He was a physician (maybe), a clergyman (of his own denomination). He churned out and published book-after-book. Simon M. Landis also wrote plays and starred in them, while dodging a variety of missiles thrown by the audience.
Mostly, the good doctor is a footnote in Philly history because he wrote a sex manual in 1870 which got him tossed into Moyamensing Prison for obscenity.
The verbose Landis was pardoned by the governor after serving less than five months of a one-year sentence. He immediately published the transcript of his trial and a second book about his thoughts while in prison.
Neither his books, plays nor his obscenity trial are very interesting. Most of the trial transcript is taken up by Landis’ lawyer making windy speeches and a grumpy judge refusing to allow any part of the sex book to be read in court.
Defense attorney John G. Kilgore declared: “The book shows how to generate a new race of men and women that will be beautiful and healthy and pure instead of criminal and diseased persons.” The lawyer said Dr. Landis “has gives us instruction…to produce moral and holy offsprings.”
Apparently, the good doctor had some new sexual positions that produced these healthy, holy kids.
The book warns against “coffee, tea or other artificial beverage that will steam heat, irritate and excite the organs.”
Landis writes about the “magnetic attraction” between ovum and sperm.
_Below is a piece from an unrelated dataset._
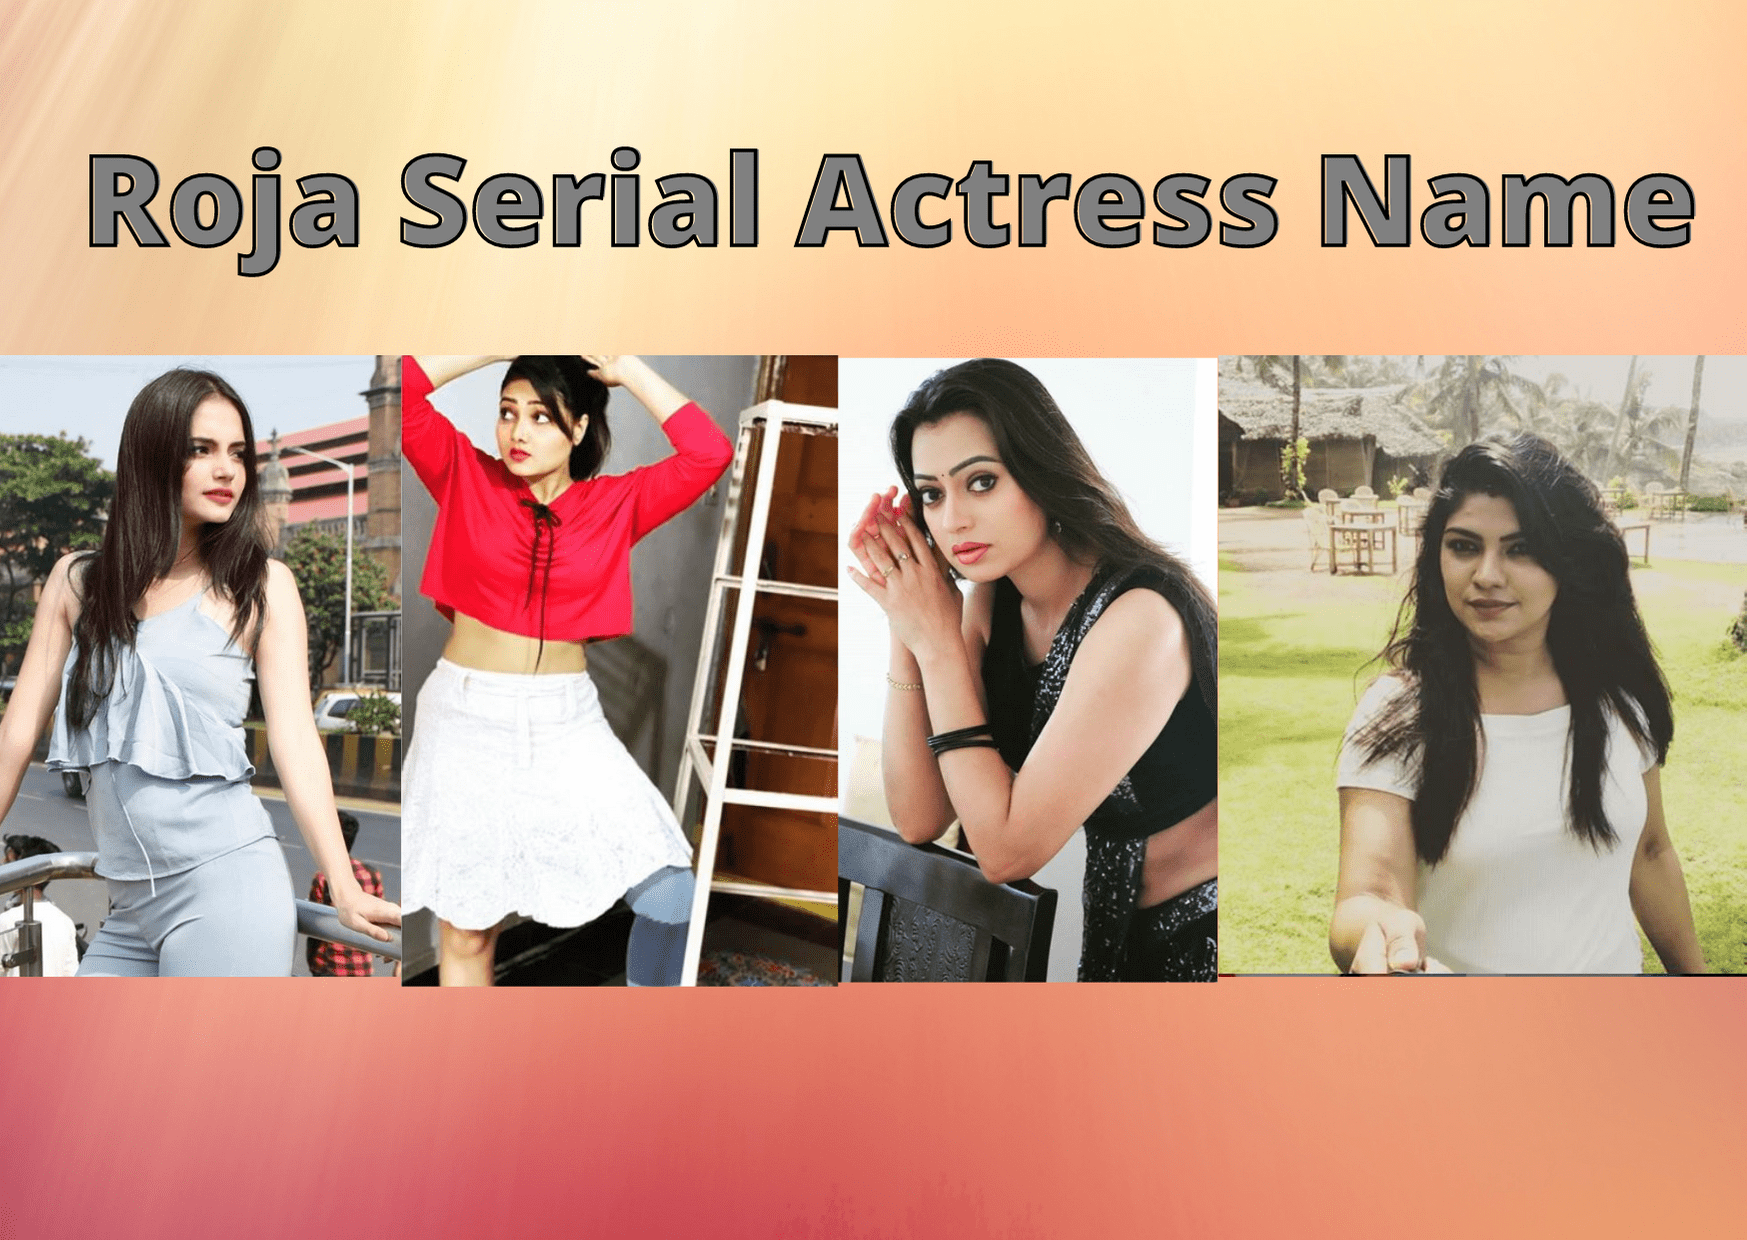 Roja Serial Actress Name Roja Serial Actress Name Saregama produced the serial Roja which was premiered on 9 April 2018 on SUN TV. It was a Tamil-language soap opera starting Priyanka Nalkari, Sibbu Suryan, and Shamily Sukumar. Here are the name and images of the actress in the Roja serial: Priyanka Nalkari View this post on Instagram A post shared by PRIYANKA NALKARI (@nalkarpriyanka) on Aug 16, 2020 at 9:01am PDT View this post on Instagram A post shared by PRIYANKA NALKARI (@nalkarpriyanka) on Aug 10, 2020 at 9:45pm PDT Shamili Sukumar View this post on Instagram Be the queen of ur own kingdom.....🥰. #rojaserial #serial #queen #suntvserial#villan #anu #priya A post shared by Shamili Sukumar (@shamili_sukumar) on Mar 18, 2020 at 9:53am PDT View this post on Instagram A post shared by Shamili Sukumar (@shamili_sukumar) on Jan 27, 2019 at 1:09am PST Gayathri Shastry View this post on Instagram Happy Father’s Day to my amazing better half. Vedha’s best friend (as she claims). 💓 A post shared by Gayathri Shastry (@shastrygayathri) on Jun 20, 2020 at 7:05pm PDT Sowmya Sharada [Episode 1-464] View this post on Instagram #throwback . . Good old days....... . . #chamundihills #nenjammarappathillai #vijaytelevision #vijaytv #rojaserial #suntv#tamilserial #tamilactress #memories #temple A post shared by Sowmya Rao (@sowmya.sharada) on Aug 24, 2020 at 11:54am PDT View this post on Instagram Good morning 🌞☀️.. happy weekend #vijaytelevision #vijaytvserial #vijaytv #suntv #suntvserial#tamilserial #tamilactress #happy #sareelove #weekend #loveislove A post shared by Sowmya Rao (@sowmya.sharada) on Sep 25, 2020 at 8:40pm PDT View this post on Instagram Happy gowri ganesh chaturthi to all..#nenjammarappathillai #vijaytelevision #vijaytvserial #vijaytv #roja #suntvserial #suntv #tamilserial #tamilactors #festival #ganesha A post shared by Sowmya Rao (@sowmya.sharada) on Aug 22, 2020 at 3:29am PDT Smriti Kashyap as Pooja Ashwin View this post on Instagram “Smile, it’s free therapy.” 😊 #sunday #white #peace #smilemore #face #happy #mood #like #love #doubletap #heart #instaday #oldpic #instamania #igdaily #igers A post shared by Smriti Kashyap🌸 (@iamsmritikashyap) on Aug 16, 2020 at 6:53am PDT View this post on Instagram Be your own kind of beautiful ✨💫 #fashion #pose #poser #blogger #model #white #green #love #goodhairday #instaday #instalike #instagram #instadaily #ig #fashionblogger #instablogger #instamood #igers #goodnight Pic courtesy @rahul__parmarr A post shared by Smriti Kashyap🌸 (@iamsmritikashyap) on Dec 10, 2019 at 9:38am PST Rekha Suresh as Theivanai Sethu View this post on Instagram In Roja serial A post shared by Rekha Suresh (@rekha.suresh.505) on Jul 24, 2019 at 10:19am PDT Dr. Sharmila as Shenbagam Manickam View this post on Instagram #pagalnilavu #shootingspot🎥 #vijaytelevision A post shared by Dr Sharmila (@drsharmila15) on Jan 7, 2019 at 9:11pm PST Nadhiya as Nathiya  View this post on Instagram #newpost #throwback #repost from @simply.nadiya Enchanting as always✨🖤 #EXCLUSIVE #perfectionist #nadhiya #nadhiyamoidu #love #actress🎬 #enchanting #enticing #lovely #pleasing #graceful #beautitious #actress #trendsetter #nadiya #vintageactress #nadhiyamoidu #zareena #gorgeousnadhiya #agelessbeauty #nadhiyalove #nadhiyaworld #nadhiyalife #nadhiyaforever #nadhiyaforareason #beautiful #evergreenactress #80sfashion A post shared by Zareena Moidu (@nadhiyamoidu_fc) on May 8, 2020 at 6:07am PDT View this post on Instagram Photoshoot from #ASK movie nadhiya and #umangjain cute pic😙 #nadhiya #nadhiyamoidu #love #actress🎬 #enchanting #enticing #lovely #pleasing #graceful #beautitious #actress #trendsetter #nadiya #vintageactress #nadhiyamoidu #zareena #gorgeousnadhiya #agelessbeauty #nadhiyalove #nadhiyaworld #nadhiyalife #nadhiyaforever #nadhiyaforareason #beautiful #evergreenactress #80sfashionl A post shared by Zareena Moidu (@nadhiyamoidu_fc) on Jun 6, 2017 at 6:49pm PDT  

However, he has a “special demagnetization technique” to avoid conception.
As far as the judge was concerned, the book was pure smut that might fall into the hands of children and the jury agreed.
Landis was the pastor of something called the First Progressive Christian Church. During the trial it emerged that Landis had no church building but rented meeting halls where he packed in 1,000 or more Philadelphians to hear him preach. Some referred to it as “The Love Church.”
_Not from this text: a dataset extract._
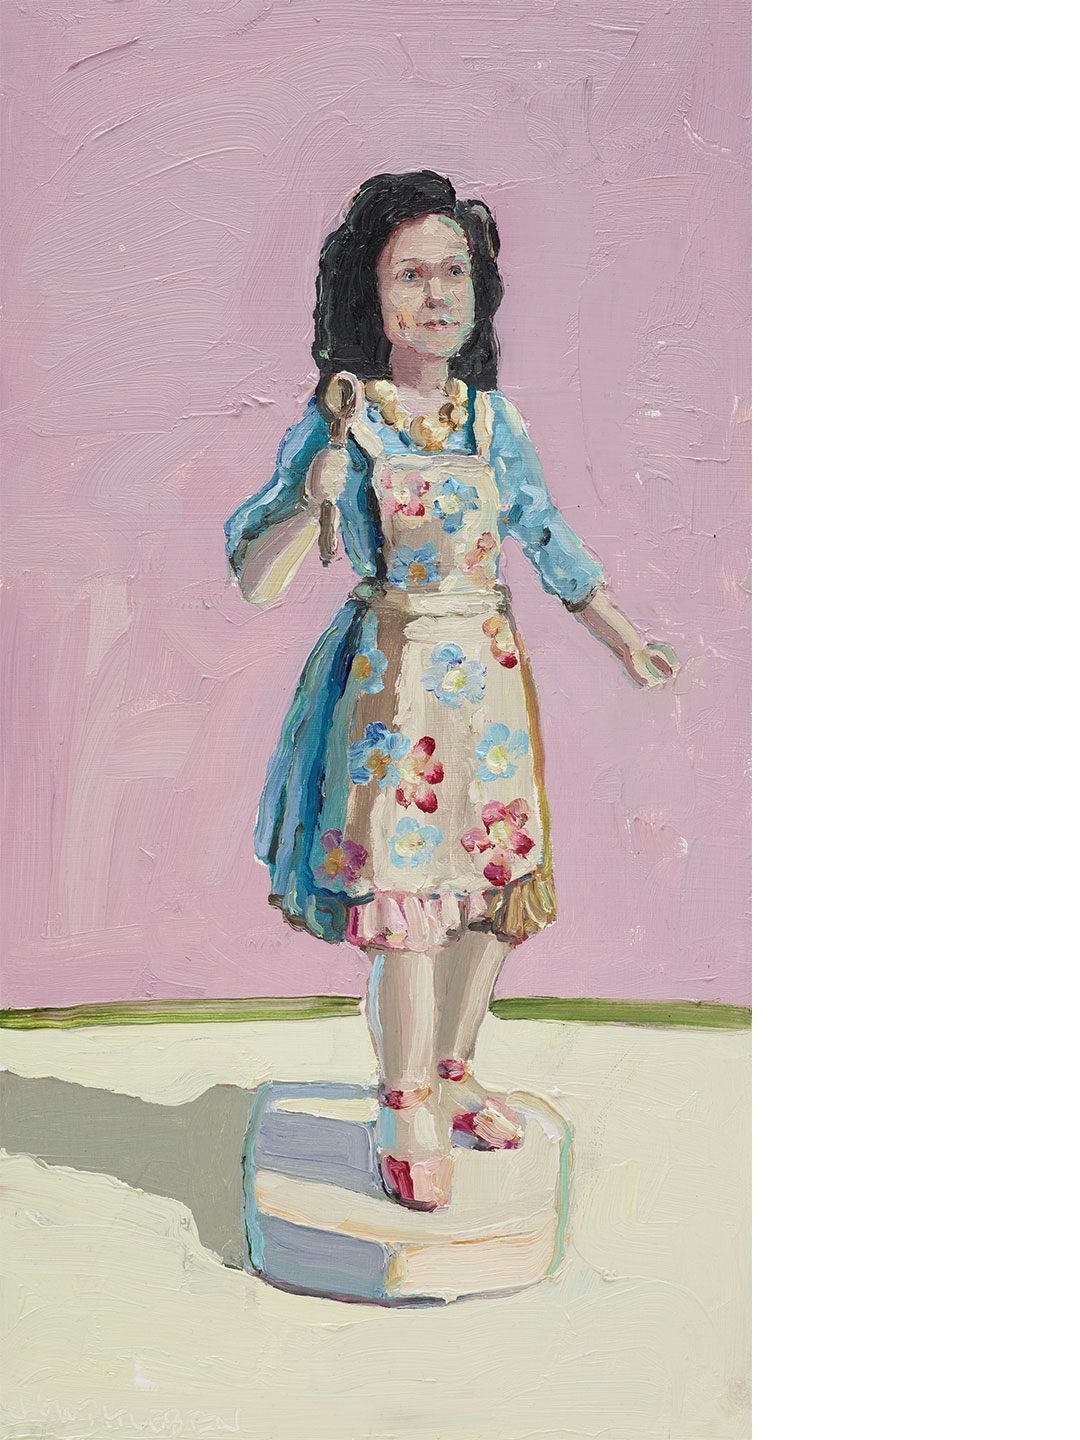 Artwork entered in the Archibald Prize 2020, Art Gallery of New South Wales

At one point he proposed establishing a church in Reading, Pa. The Reading newspaper suggested Allentown as the proper location for Landis since “they still believe in spooks and hobgoblins etc.”
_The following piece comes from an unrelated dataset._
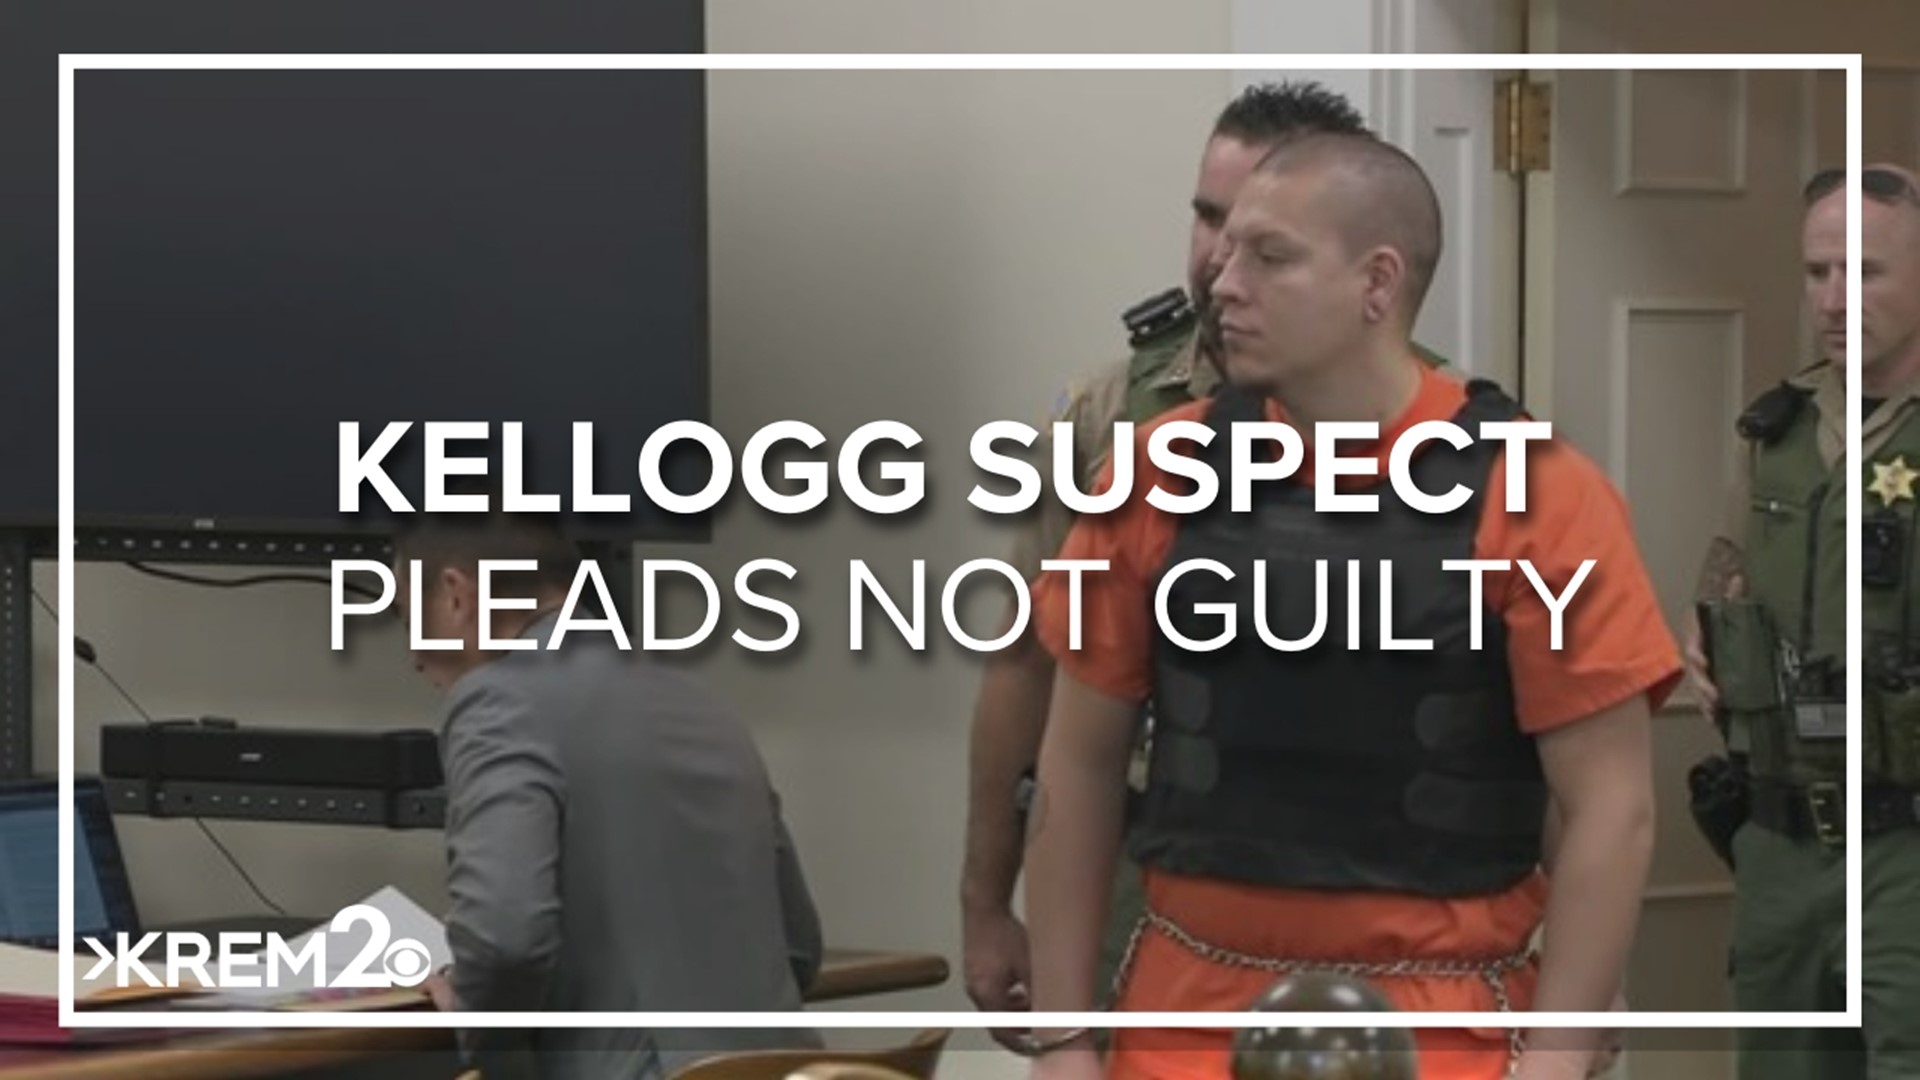 Majorjon Kaylor, 31, is charged with four counts of first-degree murder and one count of burglary. On Wednesday, he pleaded not guilty to all five charges.

We only know bits and pieces of the life of S.M Landis, M.D. D.D, from a few newspaper clippings. Why he gave up medicine for a life in the theater is never clear.
We have a fascinating front page clipping from 1888 when 1,200 came to see Dr. Landis and his troupe performed a play Landis wrote called, “Dick Shaw.” There was a net in front of the stage to protect Landis from “the howling mob without chivalry or mercy hurled volleys of missiles. . .. eggs, potatoes, oranges, lemons, beans and small baseballs.”
When the audience exhausted their supply of fruits and vegetables, “one of the worst mobs ever gathered within the four walls of a Philadelphia building" smashed the chairs and hurled the pieces at Landis.
There were several cops in the theater to protect the actors, but an enraged Landis shook his fists at the crowd and finally quit the performance.
The article does not explain why Landis was so hated. Interestingly, the news article claims the violent audience was composed mostly of ruffians from “Port Richmond, Manayunk, Southwark and Grays Ferry.”
Landis tried bringing his act to other cities. A New York newspaper critic wrote: “He came to New York last winter after inflicting himself on long-suffering Philadelphia until there was signs of riot and revolt in the air.”
The New York writer goes on to say that Landis “astonished and for a time amused audiences."
But his attempts at Shakespearian tragedy were so terrible that he tried "a burlesque tragedy which seemed to be his strong point.
“In it, he killed everyone in the cast at least once and was himself killed four times. Multitudes would have rushed with fond anticipation and delight to witness the proceedings had one of the four times been real.”